WHAT IS REQUIRED: Among the lines of the listing below, retype exactly those from the one containing "create a minimal" through the one containing "SUITSUPPLY Dark Brown", both included. Do not include pictures.

EXERCISE DATA:

━━━━━━━━

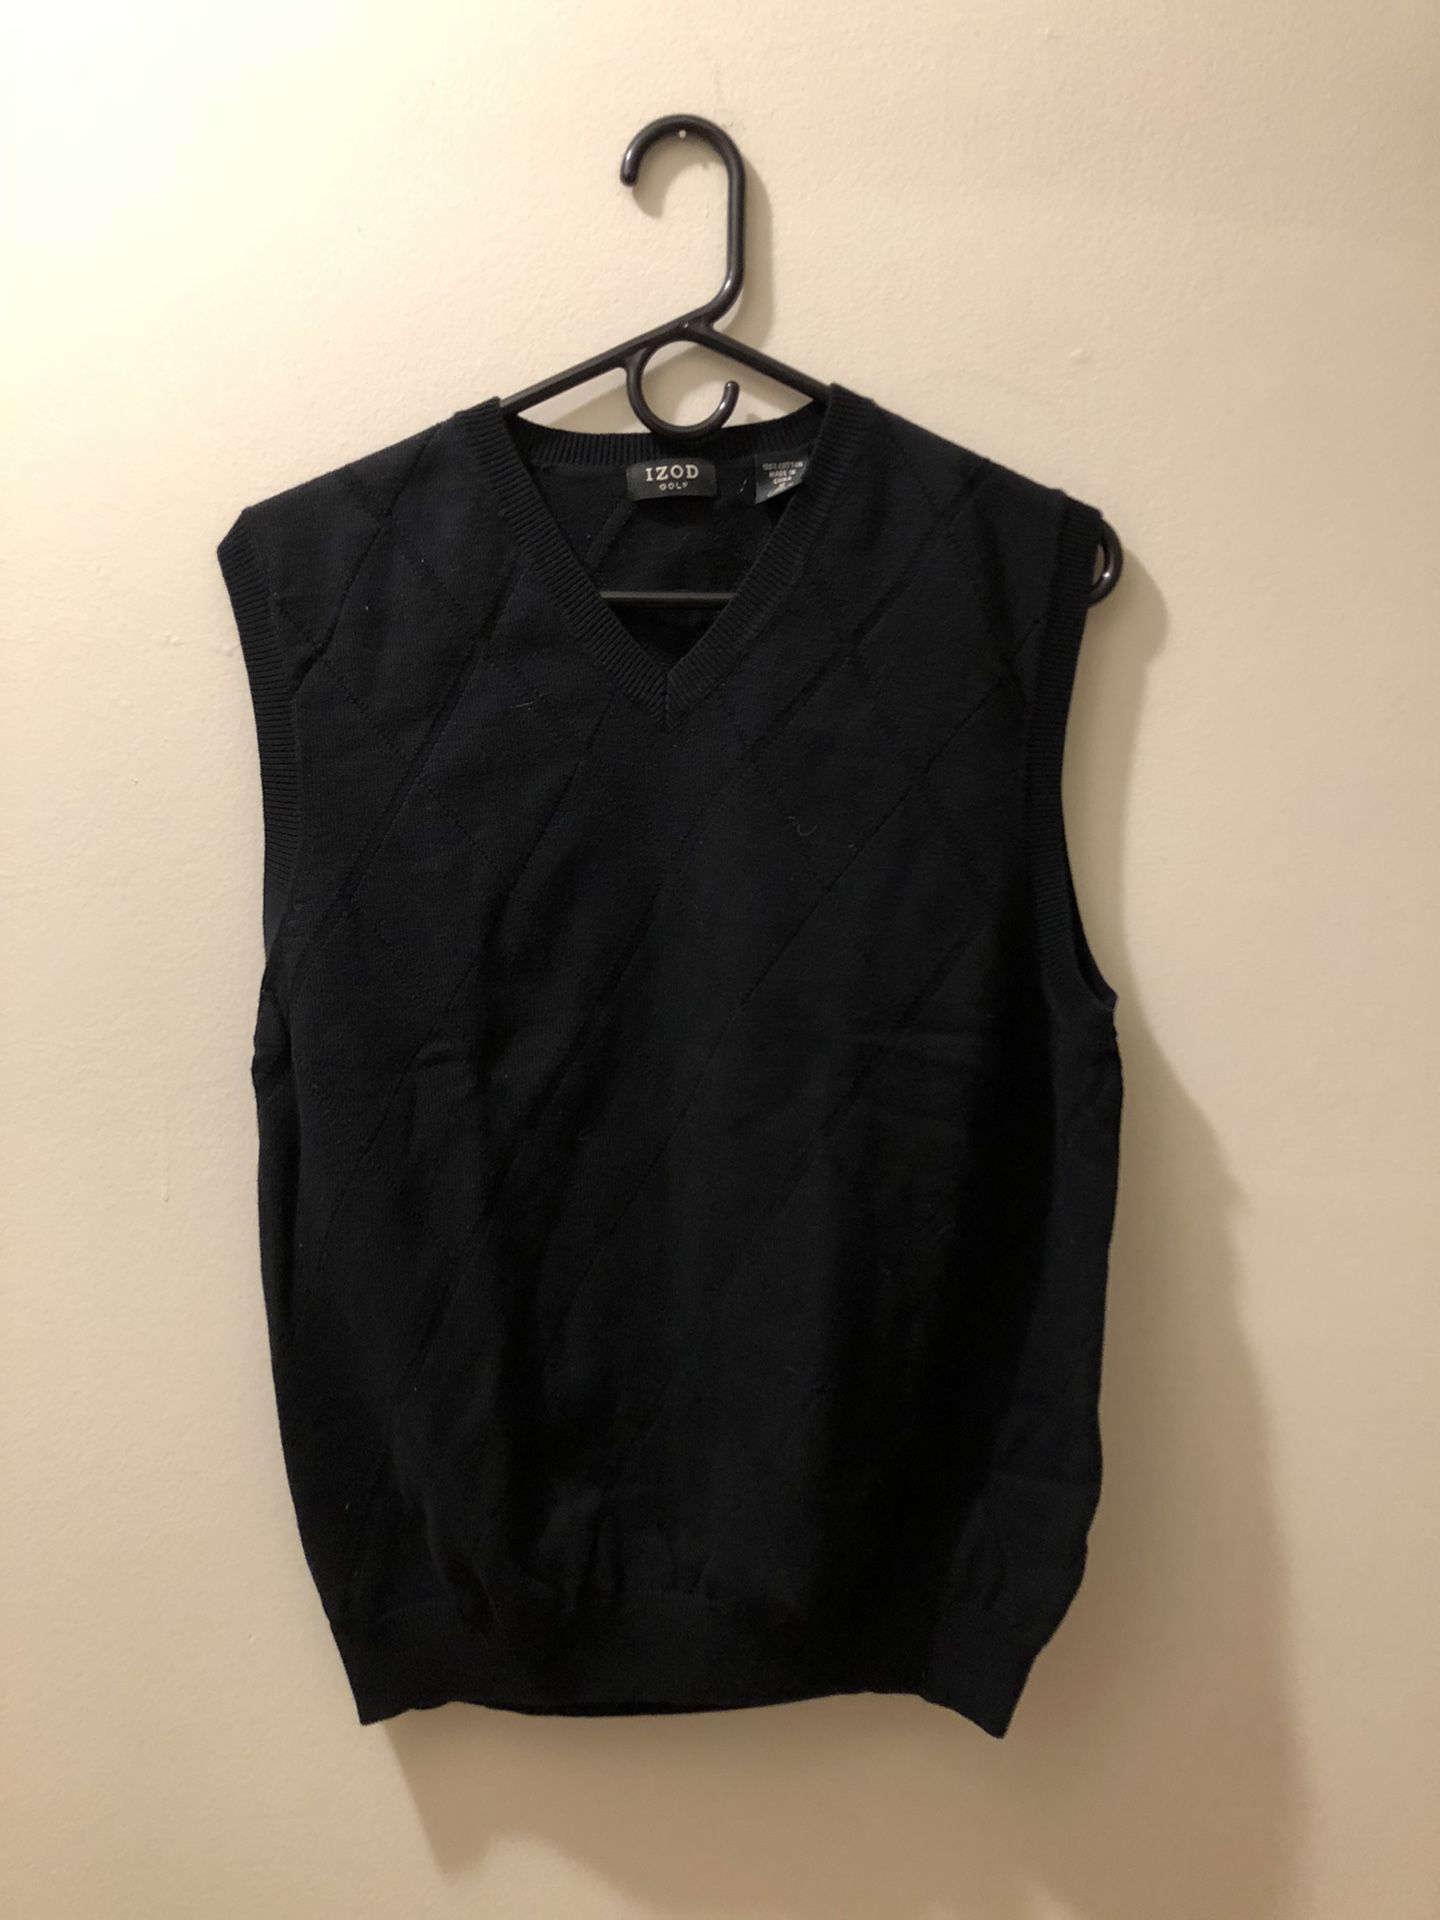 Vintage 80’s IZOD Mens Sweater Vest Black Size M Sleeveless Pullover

━━━━━━━━

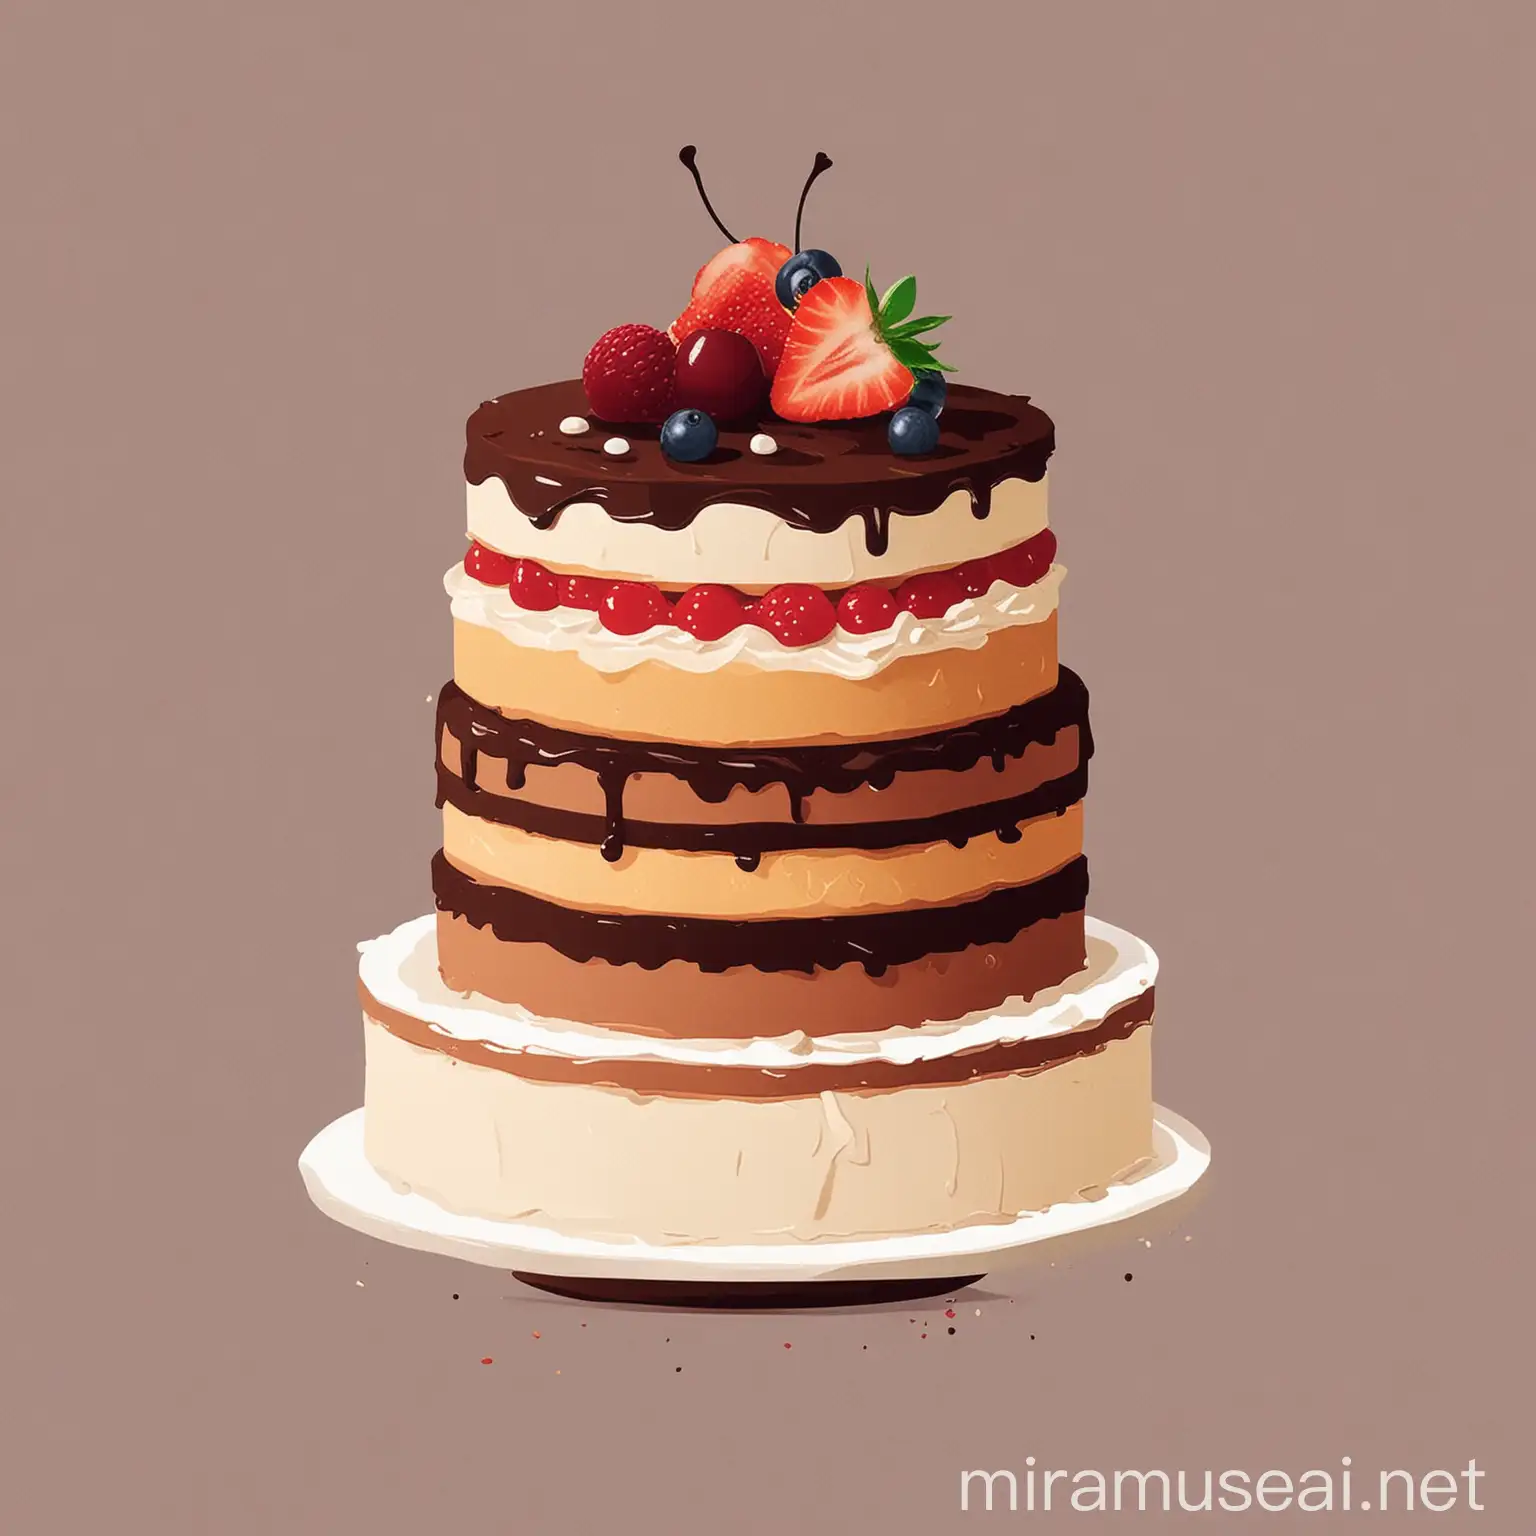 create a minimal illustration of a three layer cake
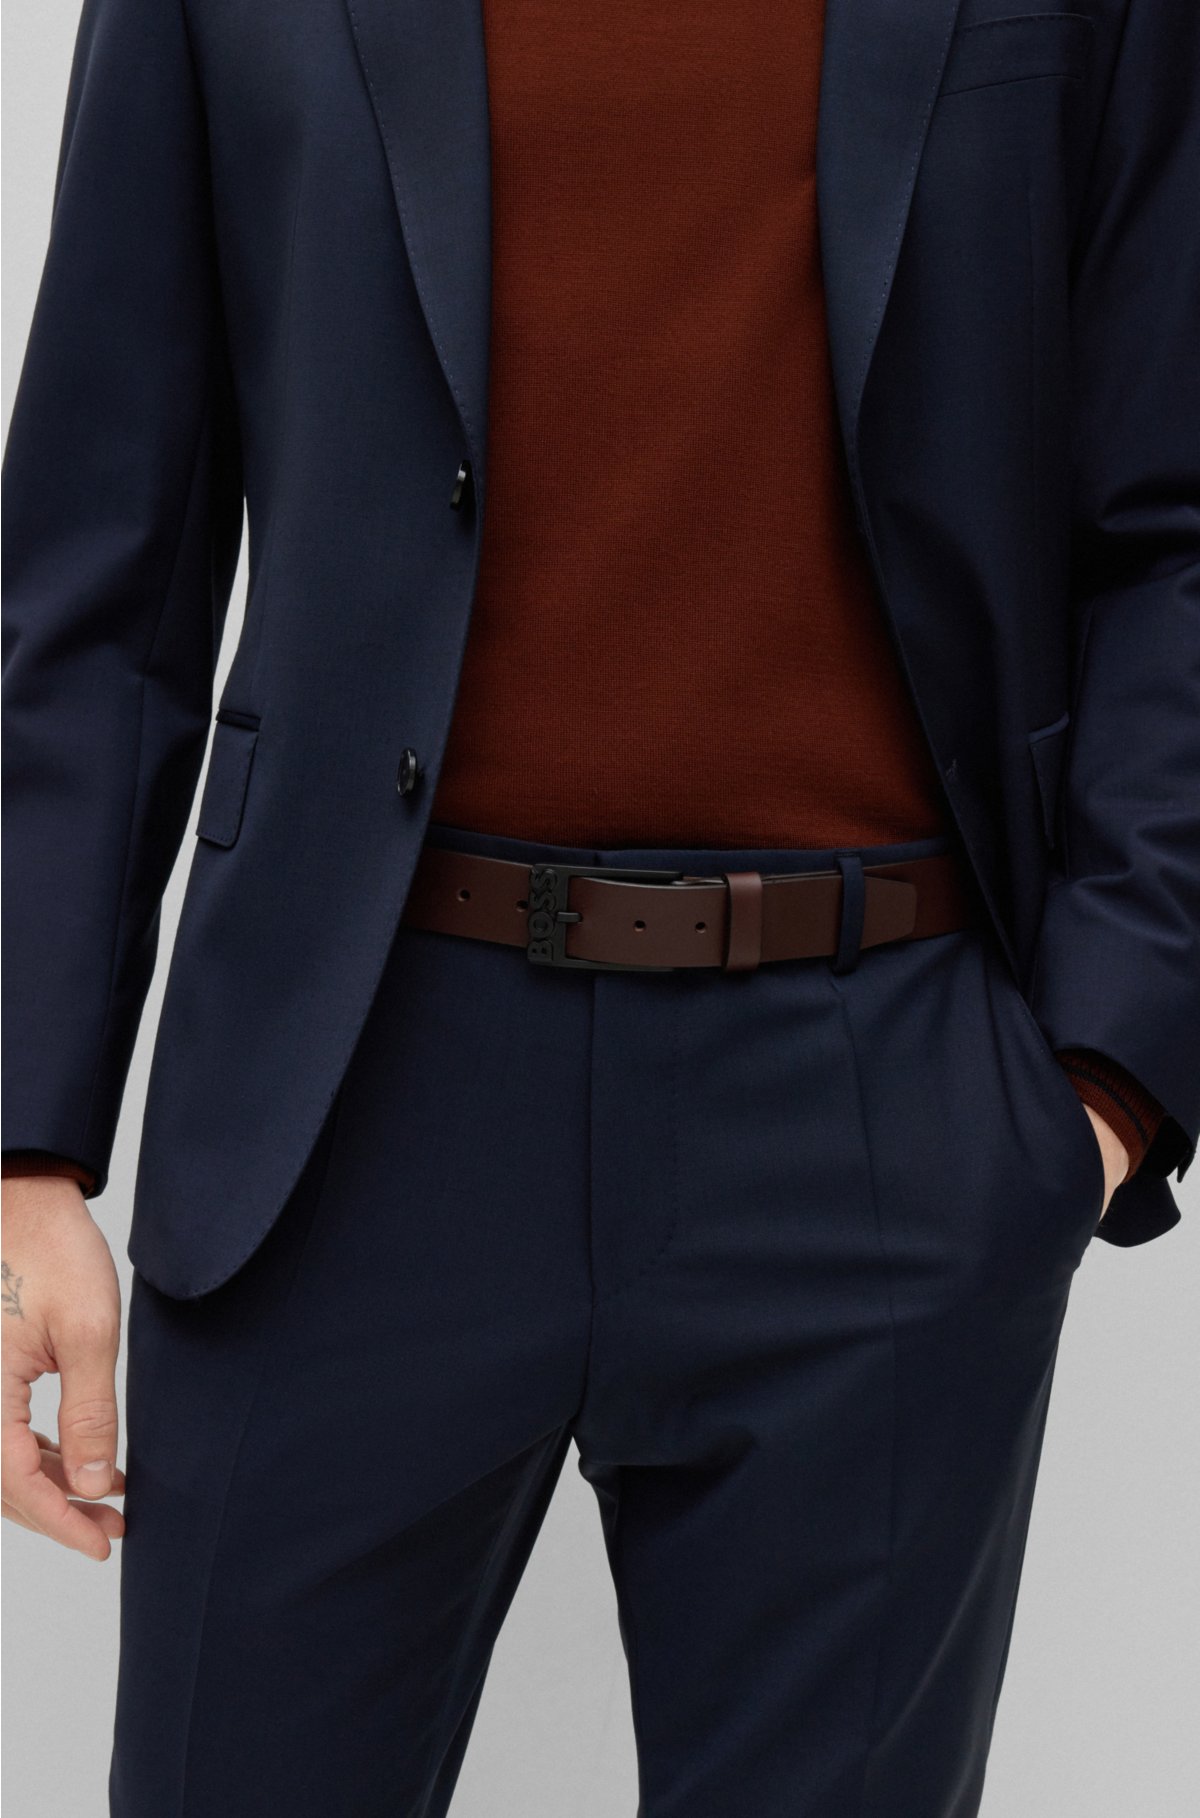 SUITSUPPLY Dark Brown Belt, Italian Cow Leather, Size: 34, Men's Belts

━━━━━━━━

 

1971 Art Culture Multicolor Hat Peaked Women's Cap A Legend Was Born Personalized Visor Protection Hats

━━━━━━━━

TASK RESPONSE:
 create a minimal illustration of a three layer cake
 SUITSUPPLY Dark Brown Belt, Italian Cow Leather, Size: 34, Men's Belts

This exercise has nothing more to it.